Dylan Marron, a writer and performer who focuses on L.G.B.T. issues, recently gave a TED Talk in which he discussed how he addresses the hateful messages he gets in response to his videos. He reaches out to them to ask, “Why did you write that?”
A digital video maker, Mr. Marron became popular — some of his content went viral, and responses to his work began to pour in.
“Unfortunately, the flip side of success on the internet is internet hate,” he said. After initially responding by blocking and muting people, he began to wonder if some of the negative messages and comments he was getting could be starting points for conversations rather than dead ends.
“I wanted to confront my detractors,” he said, “not to shame them, but to simply ask why they wrote that negative thing about me. And then see where the conversation could go from there.”
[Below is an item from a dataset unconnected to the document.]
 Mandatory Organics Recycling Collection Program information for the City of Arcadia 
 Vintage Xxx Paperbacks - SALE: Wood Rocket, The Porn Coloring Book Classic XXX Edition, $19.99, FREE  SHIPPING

Those conversations became part of a podcast Mr. Marron created called “Conversations With People Who Hate Me.” The dialogue often featured people finding a common ground or similar experience, such as being bullied in high school. Through these conversations, Mr. Marron is able to spin negativity into something that can be leveraged for good.
Moreover, letting go of toxic feelings can give you an added bonus of making you feel powerful — not by exerting power over someone else, but power over yourself.
“A person who feels wronged, betrayed or damaged by another person, group or system, might have lost their sense of personal power, and this can be deeply troubling,” said Tiffany Towers, a clinical and forensic psychologist who has worked with parolees who have chronic recidivism issues.
She said a person can develop a type of tunnel vision and start to believe that they can regain their power only by taking revenge when in fact, the power lies in the letting go.
What it comes down to is this: We can’t control when toxic emotions flood our minds, but we can control what we do in response to them. Seeking revenge or payback may seem like a good idea at the time, but in the long run it’ll likely only do us a disservice. The better option is to turn inward, finding the root of that feeling and either using it as a learning experience or warning flag as we move forward to something better.
“If you focus your attention on getting yourself emotionally, mentally and physically healthier,” Dr. Towers added, “not only will you feel better, but you will be able to handle future difficulties with more grace and wisdom.”
Caroline Cox is a writer and editor living in Atlanta.